Сказав это, он вытянулся на своем ложе и закрыл глаза. А я вынес чашки, сунул свою рукопись под одну из подушек и пошел в тайскую лавку на углу, кажется, она называется «Острое и сладкое приключение в Шиаде». Попади я туда теперь, сожрал бы целый котел кокосового супа, обжигающего глотку, будто поток бесцветной лавы.
Обед сегодня не принесли, ну да ладно — у меня есть вода, вчерашний хлеб и пачка сигарет, купленная вчера у охранника за два червонца. Поставлю железный стул возле стены, залезу на него и покурю в окно, чтобы дым не проползал под дверь. Когда я жил у Габии, мне тоже приходилось курить в маленькое окно, выходя на лестничную площадку. Хозяйка, пани Эльжбета, привыкла ко мне и выходила стрельнуть сигаретку, за ее спиной я видел часы с маятником и несколько войлочных кукол, сидевших в коридоре на сундуке. Кукол ей отдавали квартирантки, когда нечем было платить за жилье.

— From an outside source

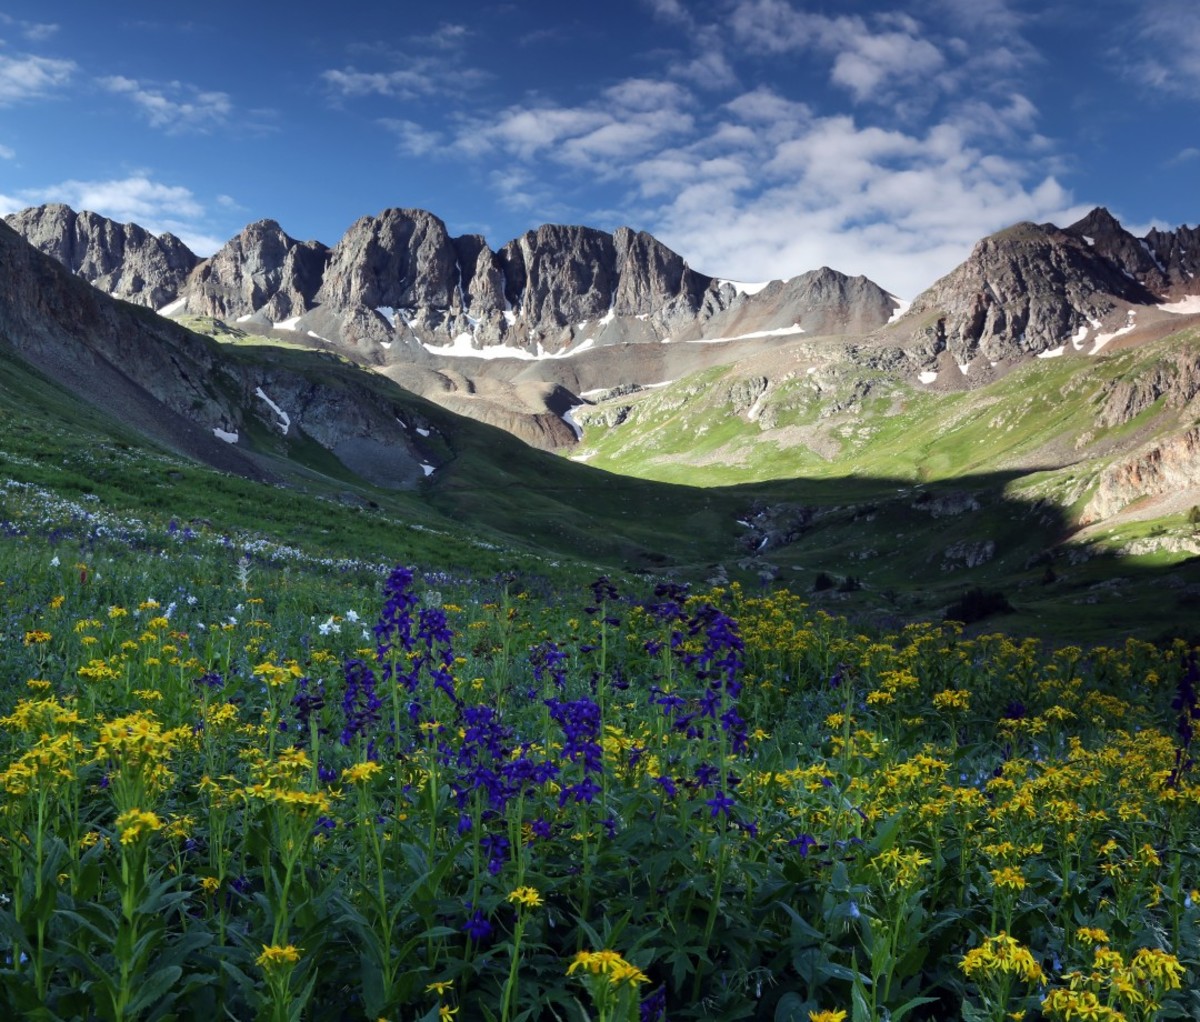 Summer wildflowers high up in the Colorado Rocky Mountains near Lake City, Co. American Basin is off Cinnamon Pass Road on the Alpine Loop Scenic Byway in the San Juan Mountains.

Габия валяла и шила с утра до вечера, но деньги в доме не задерживались, хозяйством ведала Сольвега, младшая сестра, способная спустить все запасы на швейцарский шоколад или пару чулок и к вечеру остаться без гроша. Соля была совсем подростком на вид, зато волосы у нее были дай бог всякому, целая груда волос цвета недожженного угля. По ее милости мы с Габией спали в чулане — сестра еще с августа обещала найти себе жилье, но все никак не съезжала. Она возвращалась поздно, звенела посудой, вздыхала за стеной, куклы таращили глаза в темноте, я задыхался от пыли и не мог заснуть. Самую смешную куклу звали Арман Марсель, хотя у нее были кудельные рыжие косы и выразительные перси под сарафаном. Эту Габия продавать не хотела, говорила, что она слишком похожа на саму Габию.